The anatomical structure of human temporal bone is illustrated in Fig. 1. There are more than 30 anatomical structures embedded in the temporal bone, in which most of critical anatomical organs investigated in this paper are labeled in Fig. 1, including the malleus, the incus, the external contour of cochlea (ECC), the internal cavity of cochlea (ICC), the vestibule, the superior semicircular canal (SSC), the posterior semicircular canal (PSC) and the lateral semicircular canal (LSC). The internal acoustic meatus (IAM) cannot be observed in this view.

Automatic segmentation of critical anatomical organs is a challenging task from human temporal bone CT images, because of the sophisticated in structure, small in volume, low resolution, and high diversity in the shape and texture feature. For example, in a 512 × 512 × 199 voxels human temporal bone CT sequence, the largest organ internal acoustic meatus includes about 1298 voxels, while the smallest organ malleus includes merely about 184 voxels. The target area in a single CT slice accounts for less than 1% of the overall image. Different critical anatomical organs are quite different in shape, size, and density etc., and the boundary between the target area and surrounding organs are not clear. These characteristics bring great challenges to the automatic segmentation of temporal bone CT images.

Various segmentation algorithms have been intensively investigated. The classic medical image segmentation methods can be divided into 3 generations (Masood, Sharif, Masood, Yasmin, & Raza, 2015). The first generation includes thresholding methods, region growing methods, and edge-based methods. The second generation includes classifiers, clustering, deformable models, and graph searching. The third-generation includes graph guided approaches, shape models and appearance models. Each method has its pros and cons. For example, the threshold segmentation algorithm requires selecting a suitable threshold, and the region growing algorithm requires selecting the appropriate seed point. Although much research work has been done in medical image segmentation there is still huge room available for more efficient and effective techniques.

In recent years, with the rise of artificial intelligence technology represented by deep learning, it has provided additional technical means to implement the accurate segmentation of medical images.
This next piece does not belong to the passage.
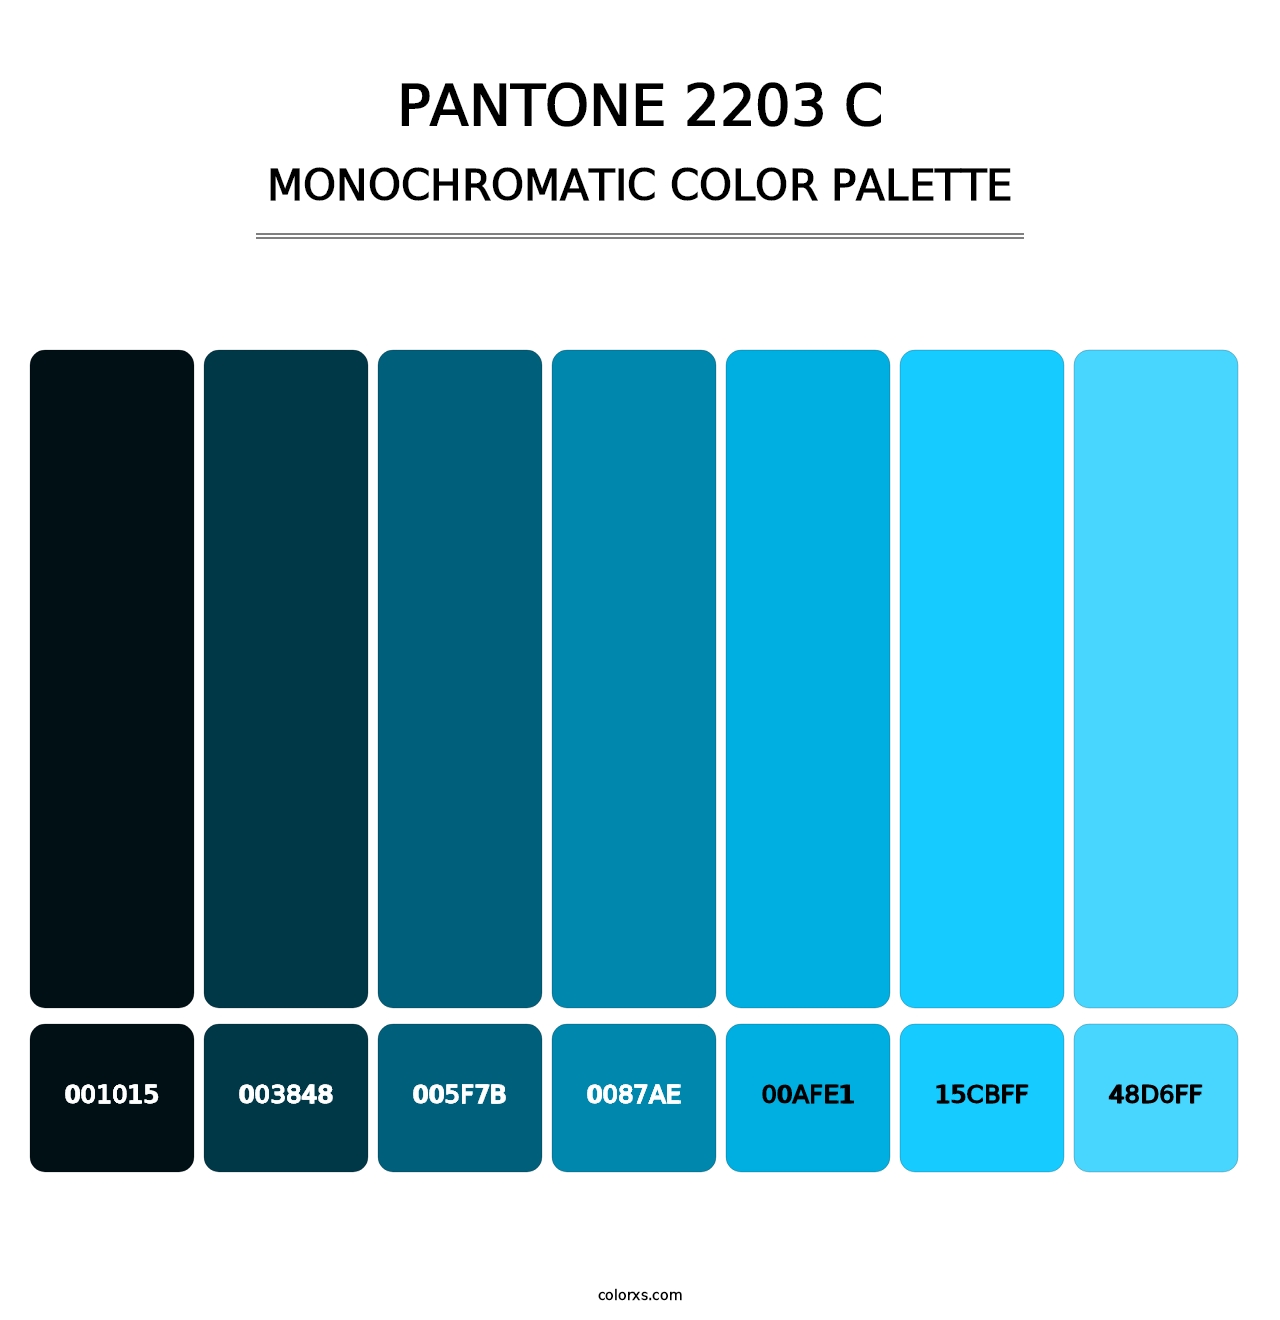 PANTONE 2203 C - Monochromatic Color Palette

Recently, the most commonly used convolutional neural network in medical image segmentation is U-net proposed by Ronneberger, Fischer, and Brox (2015). According to the recent survey on deep semantic segmentation of natural and medical images (Taghanaki, Abhishek, Cohen, Cohen-Adad, & Hamarneh, 2019), U-net architecture improved the model’s accuracy and addressed the problem of gradient vanishing, which make it becomes one of the popular architectures in segmentation tasks of medical images. Different from the fully convolutional neural network (FCN) (Long, Shelhamer, & Darrell, 2015), SegNet (Badrinarayanan, Kendall, & Cipolla, 2017) and Deeplab (Chen, Zhu, Papandreou, Schroff, & Adam, 2018) network structure, U-net adopts a bilateral symmetric architecture that consist of an encoder path to capture context information and a symmetric decoder path to recover spatial position. The encoder and decoder are connected by skip connections instead of directly monitoring the high-level semantic features. Therefore, we select the U-net as the baseline of this paper.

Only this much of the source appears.